Werden Sie größte Sorge dafür tragen, dass einzig der Betroffene ausdrücklich und nachweisbar Ja gesagt haben muss und dieses Gesetz schnellstens zu Fall kommt?
Sehr geehrte Frau W.,
vielen Dank für Ihre Frage. Entscheidungen im Zusammenhang mit Organspenden sind in der Regel mit großen menschlichen Schicksalen verbunden.
Deshalb danke ich allen, die sich in dieser schwierigen und hochemotionalen Situation für die Organspende entschieden haben.
Wir diskutieren in diesem Jahr in offener Debatte über die Organspende und die zukünftigen Regeln hierfür.

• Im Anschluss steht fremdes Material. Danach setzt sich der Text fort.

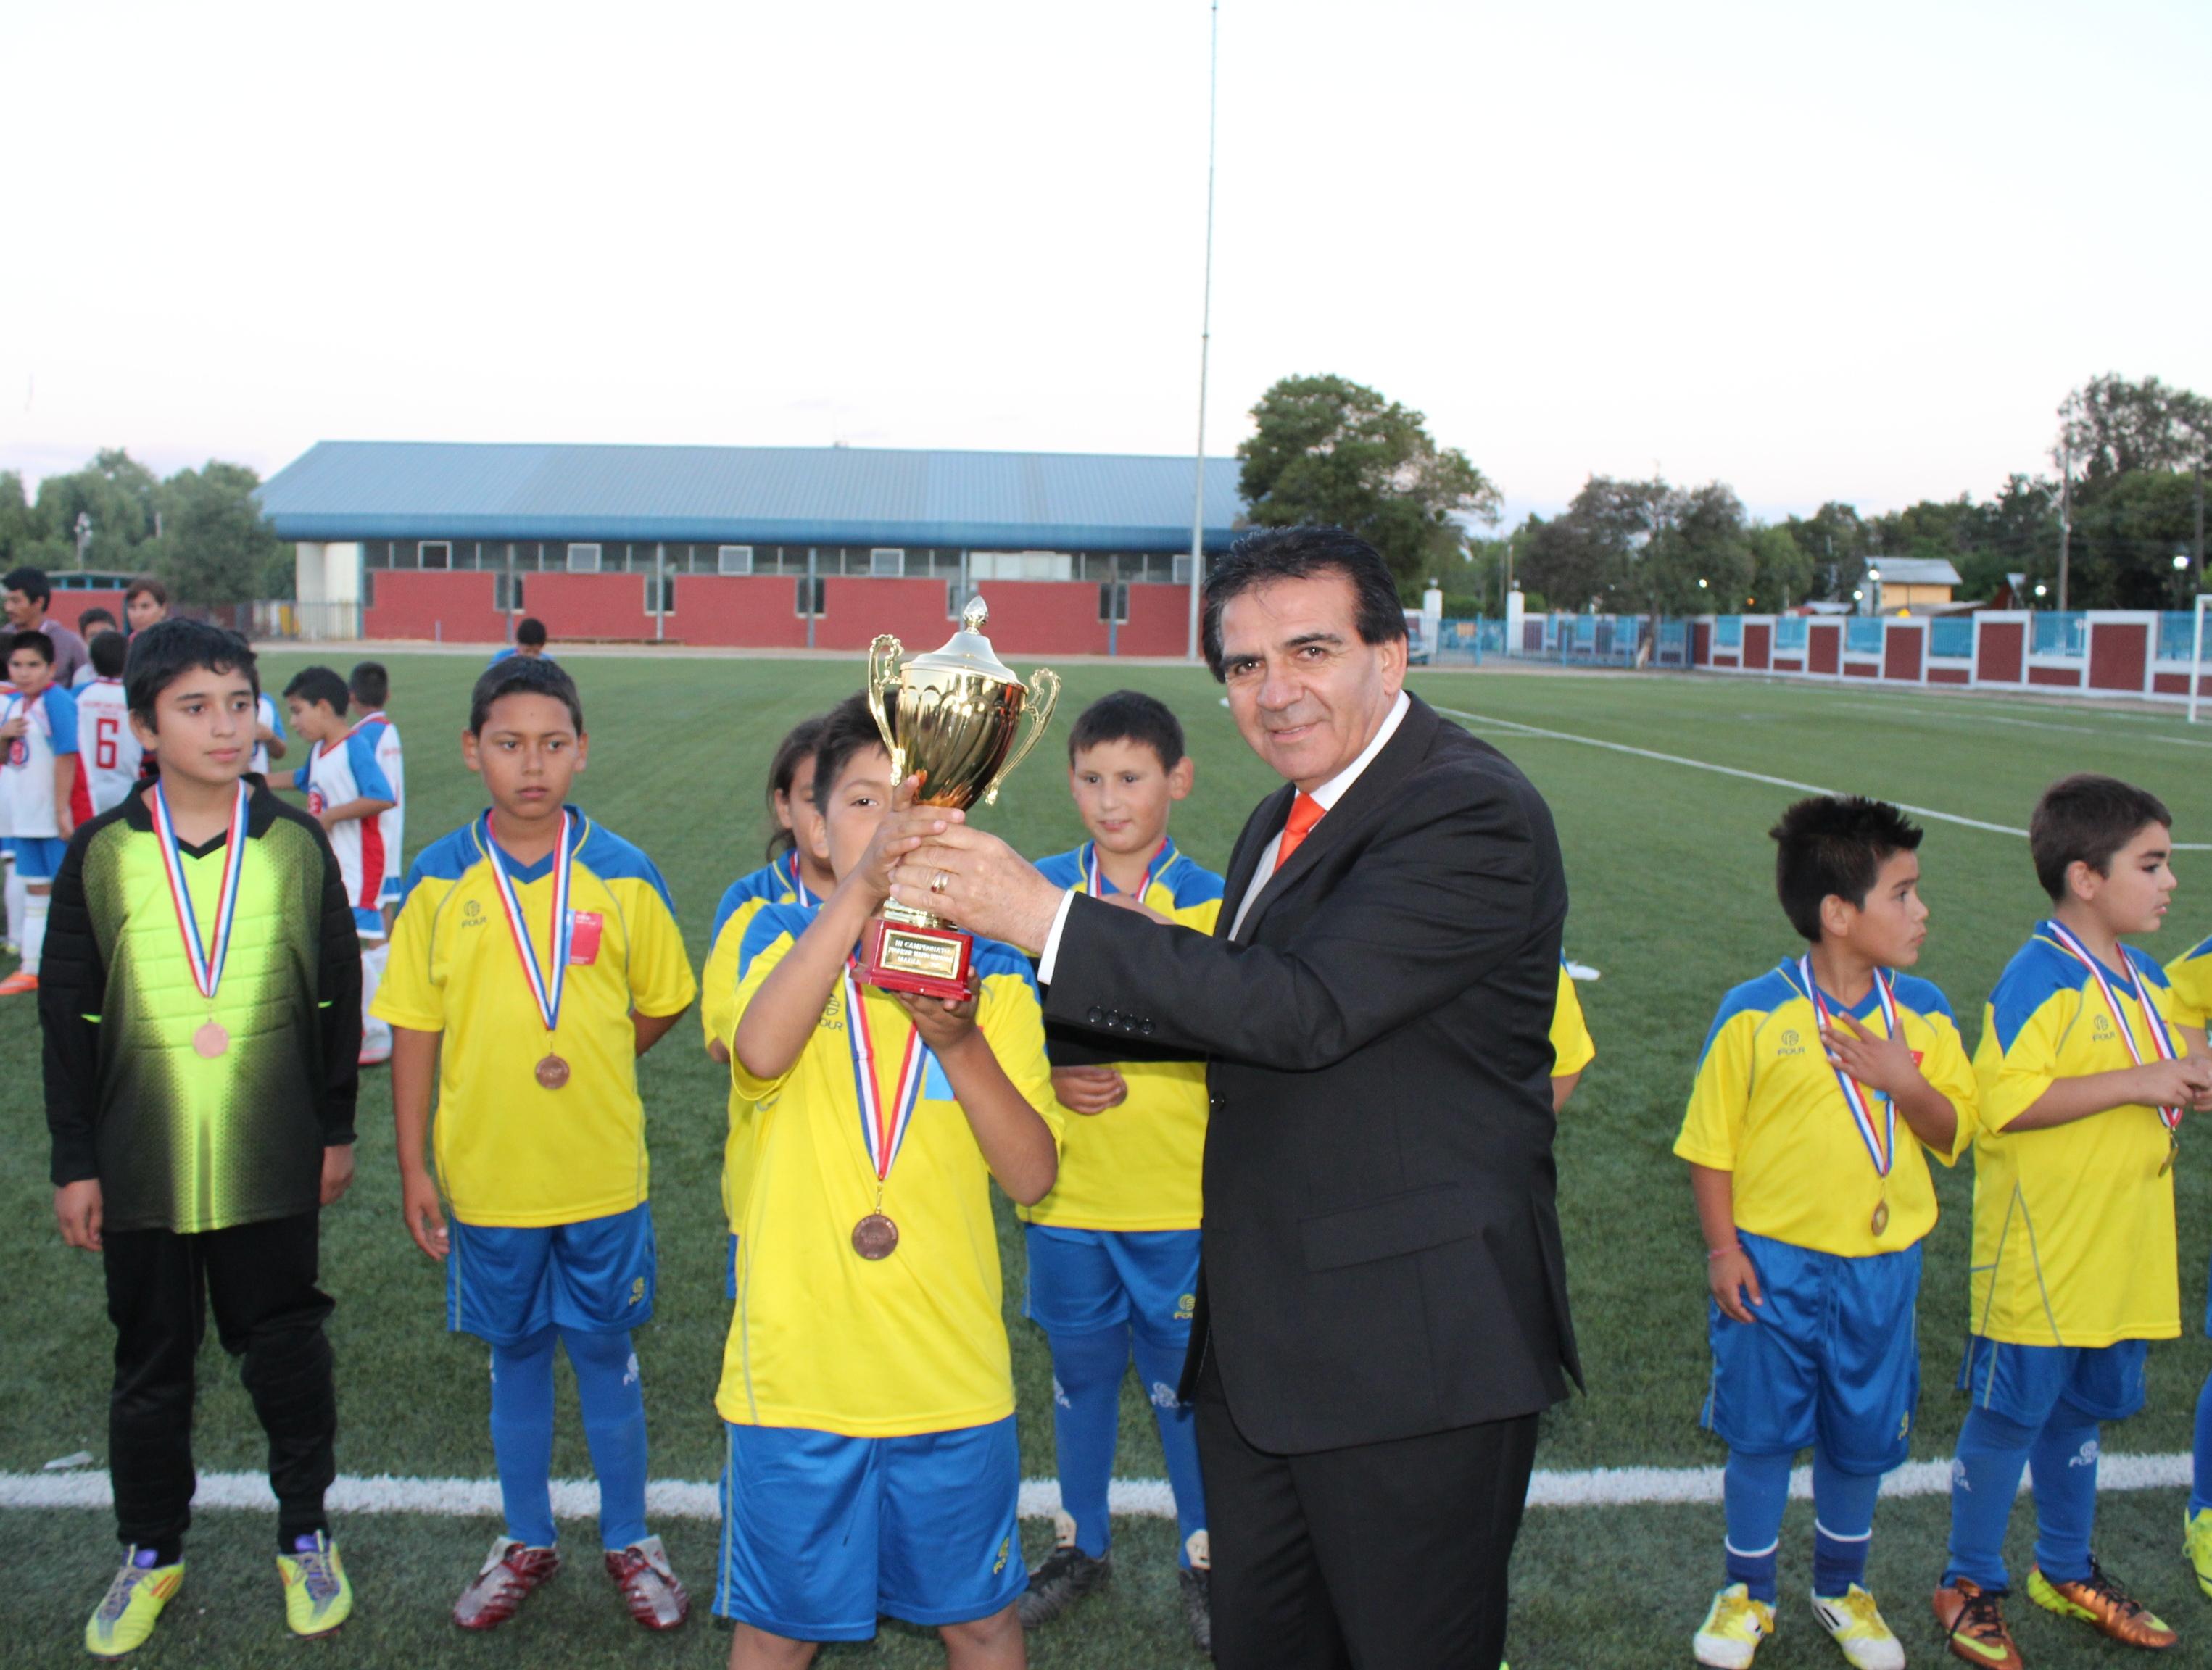 Colegio Suyai se proclamó campeón del torneo Mario Miranda 2015

Ich werde mich wahrscheinlich für die Zustimmungslösung entscheiden, weil ich hierin die größte Chance sehe, Vertrauen in der Bevölkerung zu stärken.
Mit freundlichen Grüßen
Erwin Rüddel MdB
Sehr geehrte Frau W.,
vielen Dank für Ihre Nachricht. Mir sind weder Fälle bekannt, in denen die Putzfrau oder der Friseur des Verstorbenen über eine Organtransplantation entschieden haben noch dass die Organe aus Rachegelüsten heraus zur Spende freigegeben wurden.
Davon unabhängig setze ich mich jedoch für eine doppelte Zustimmungslösung ein, in der sowohl der Betroffene zu Lebzeiten als auch die Angehörige nach seinem Tod sich dazu äußern sollen.